Copy the data exactly, pictures aside.

AVAILABLE DATA:
[Start of section]

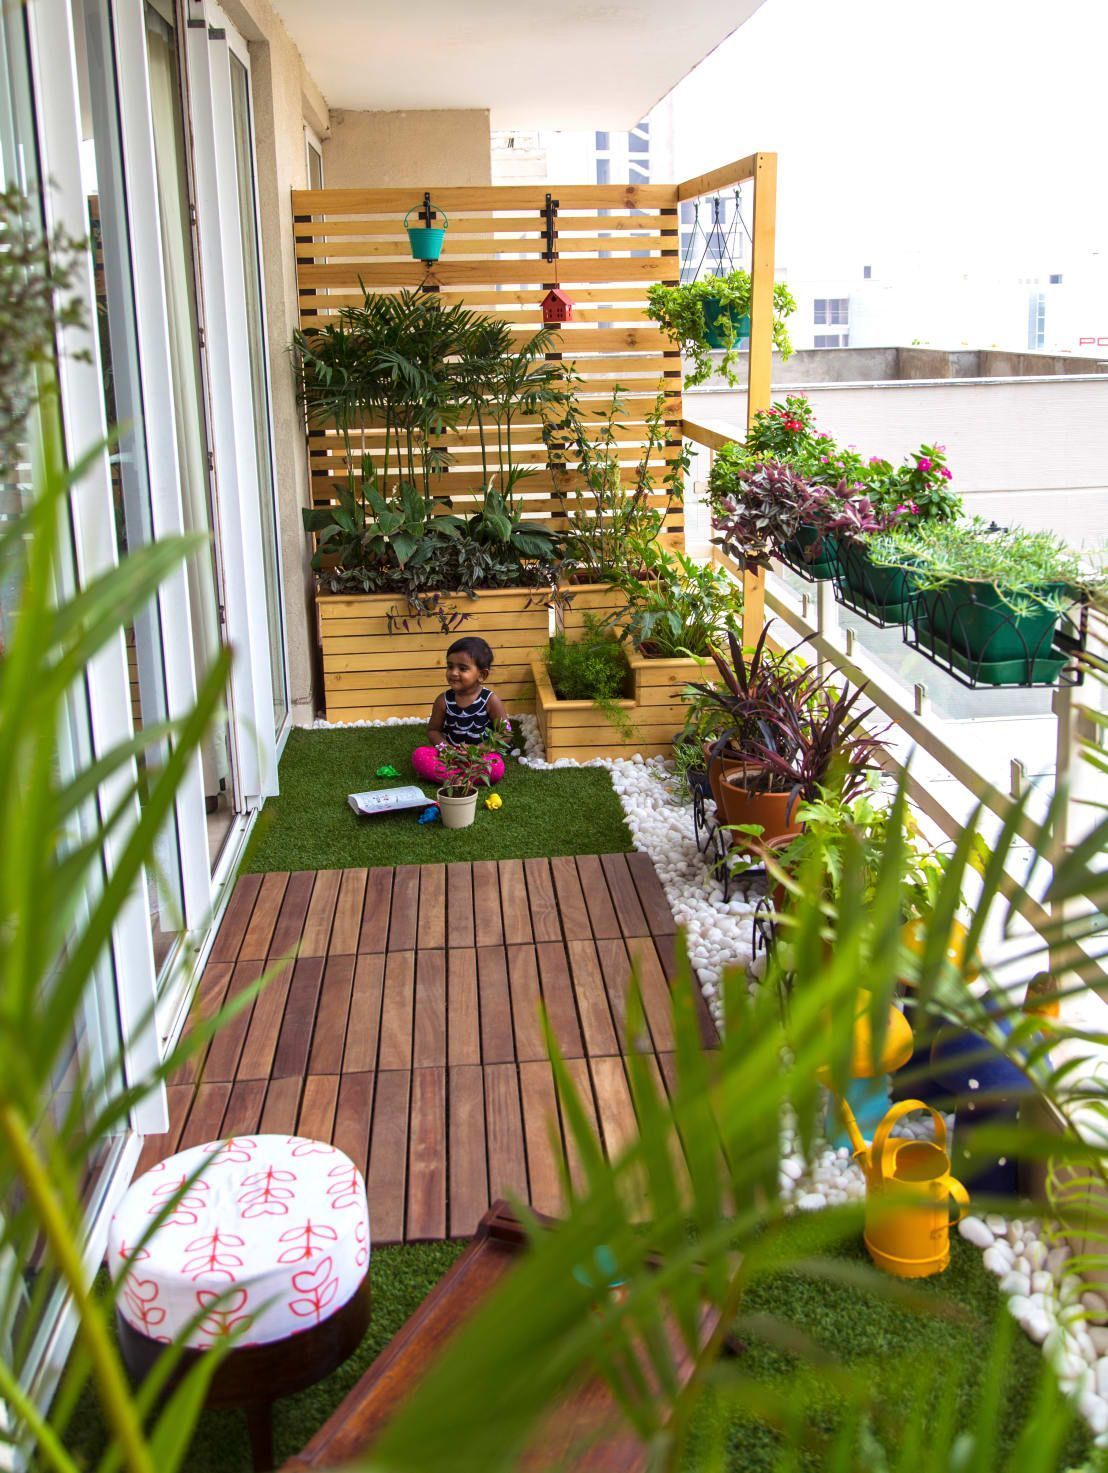 Photo of Prodigious Patio Decorating Ideas Small Balcony Garden, Whether you are searchin…
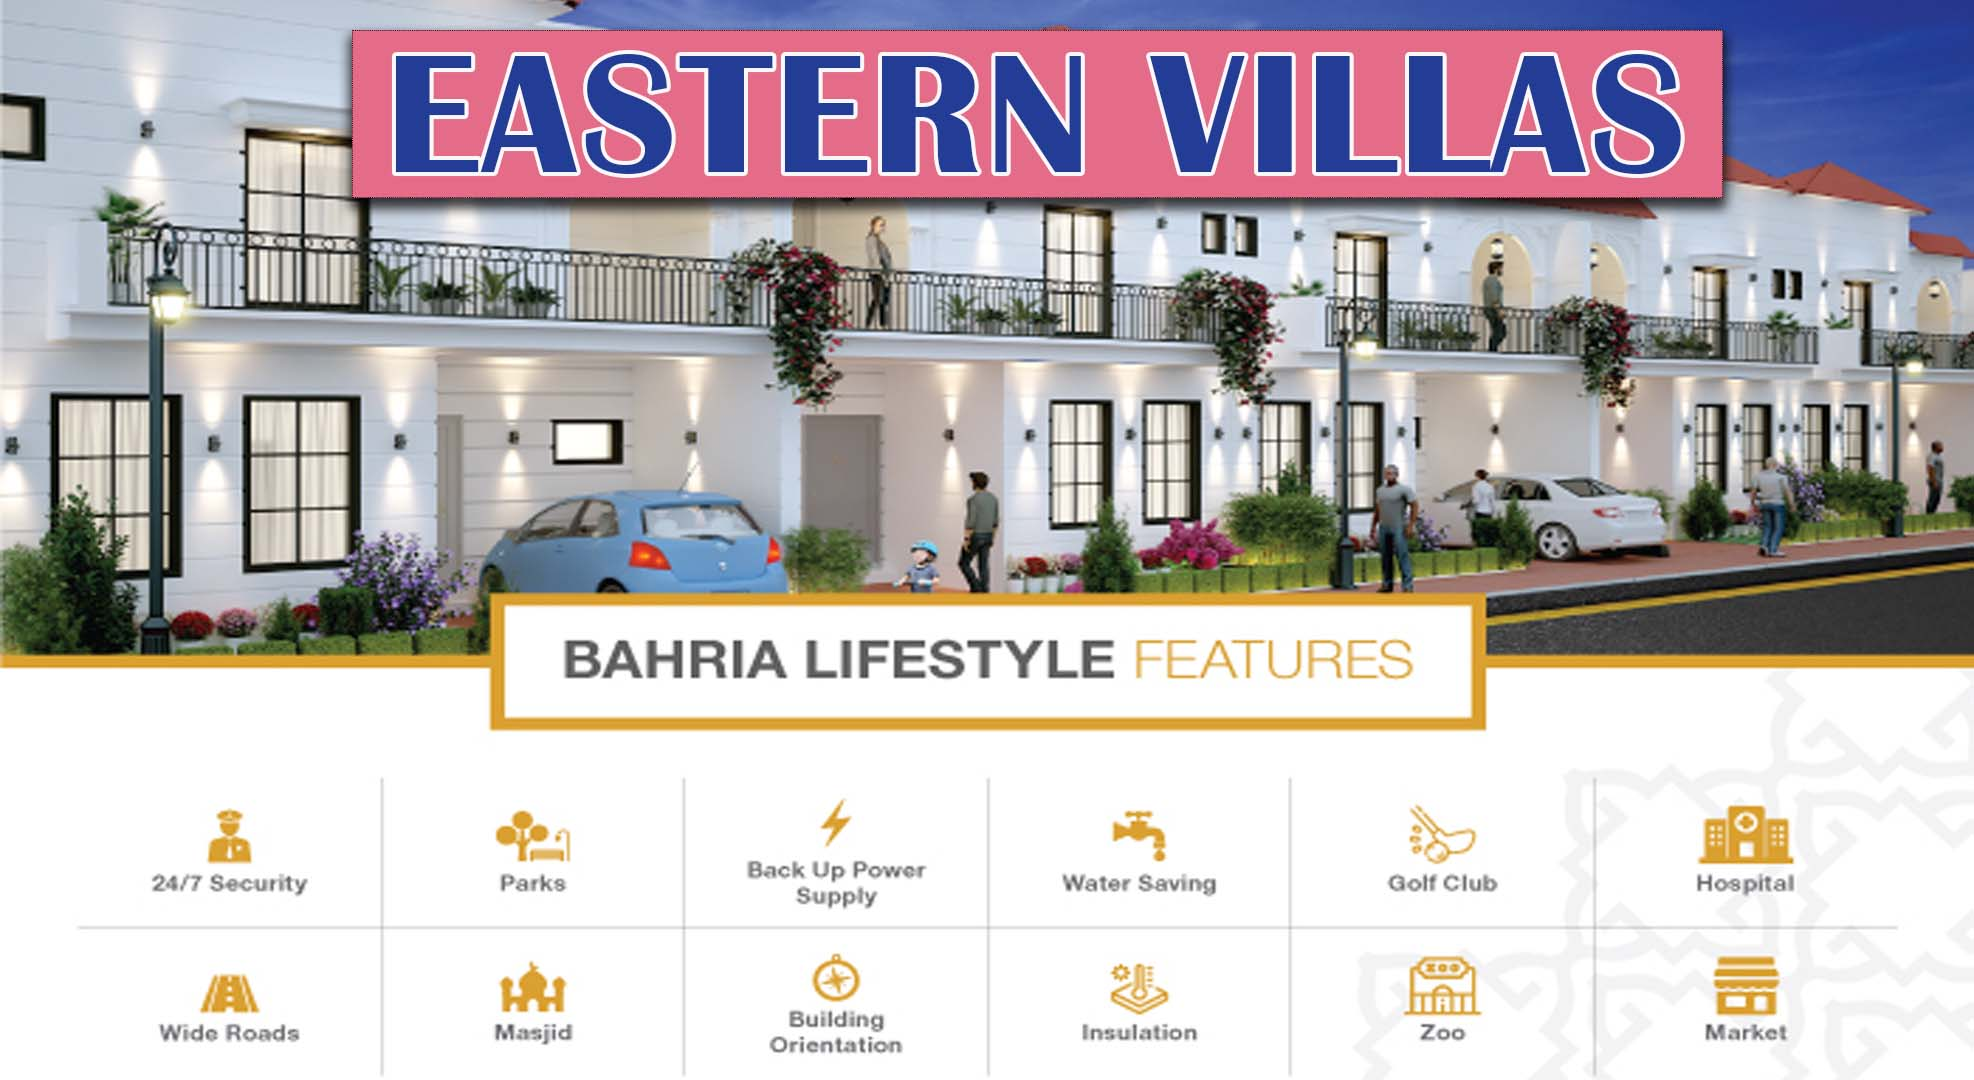 Eastern Villas
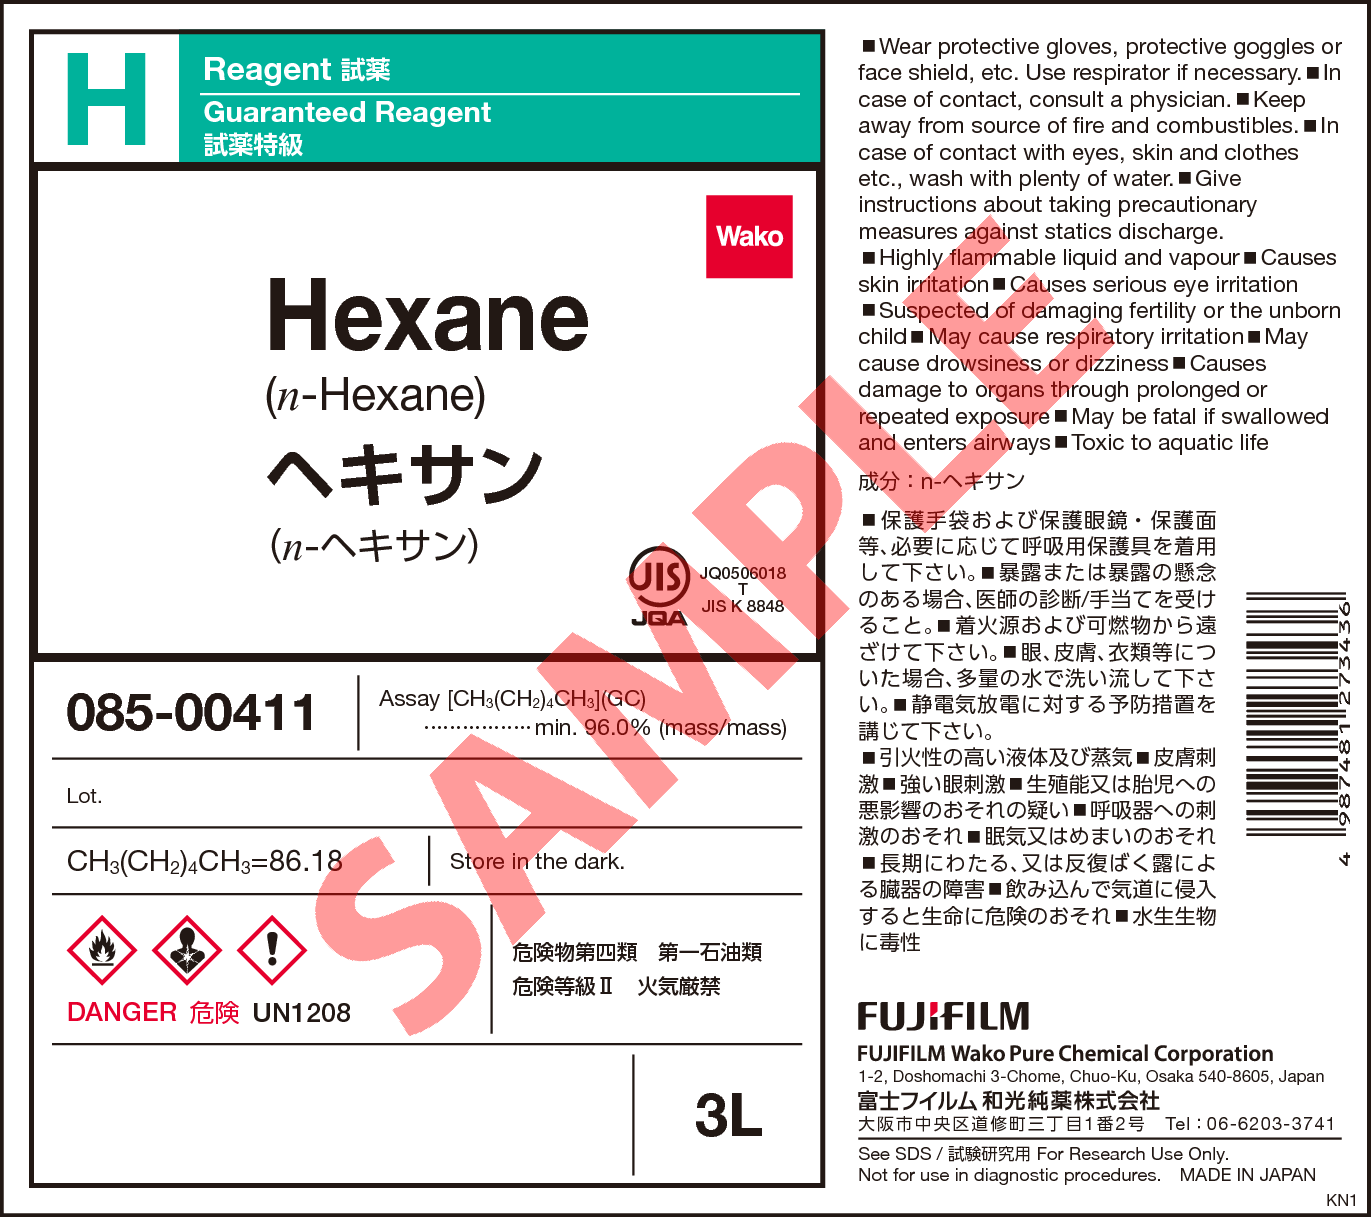 110-54-3・Hexane・085-00411・085-00416[Detail Information] | [Common
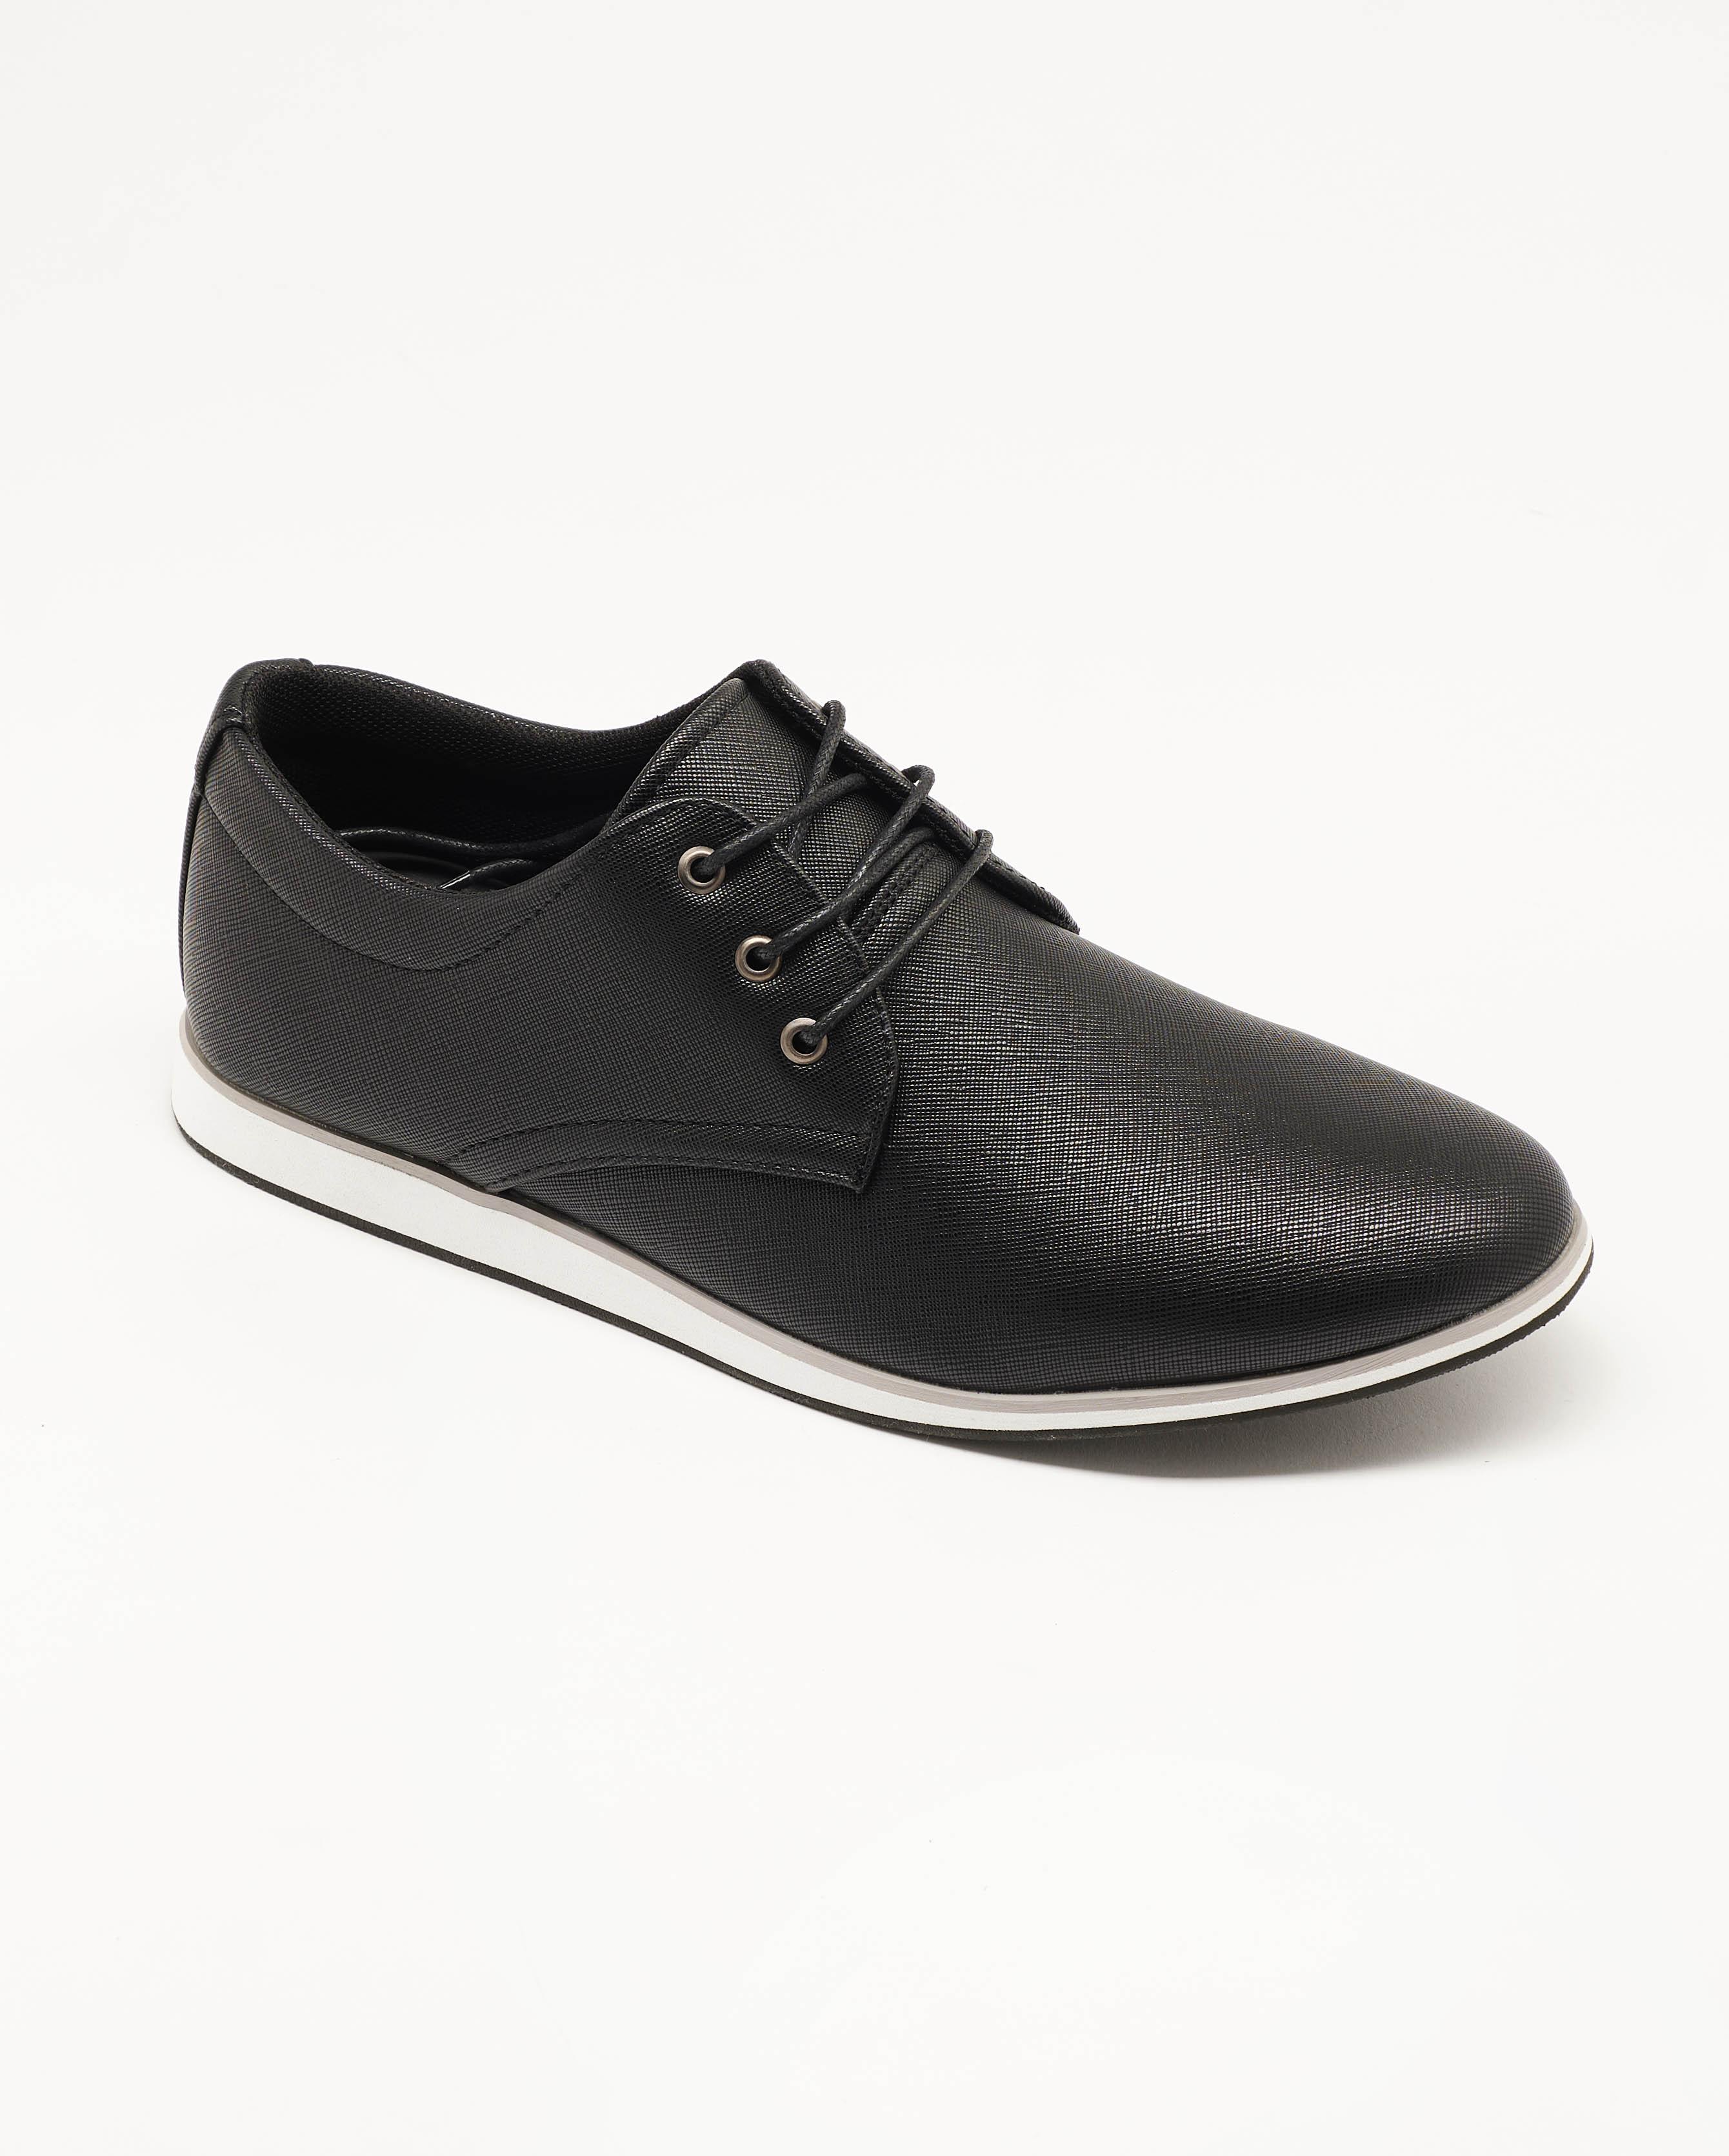 Chaussures De Ville Homme - Sneakers Noir Jina - U2111-07

[End of section]

RESULT OF THIS EXERCISE:
 Photo of Prodigious Patio Decorating Ideas Small Balcony Garden, Whether you are searchin…
 Eastern Villas
 110-54-3・Hexane・085-00411・085-00416[Detail Information] | [Common
 Chaussures De Ville Homme - Sneakers Noir Jina - U2111-07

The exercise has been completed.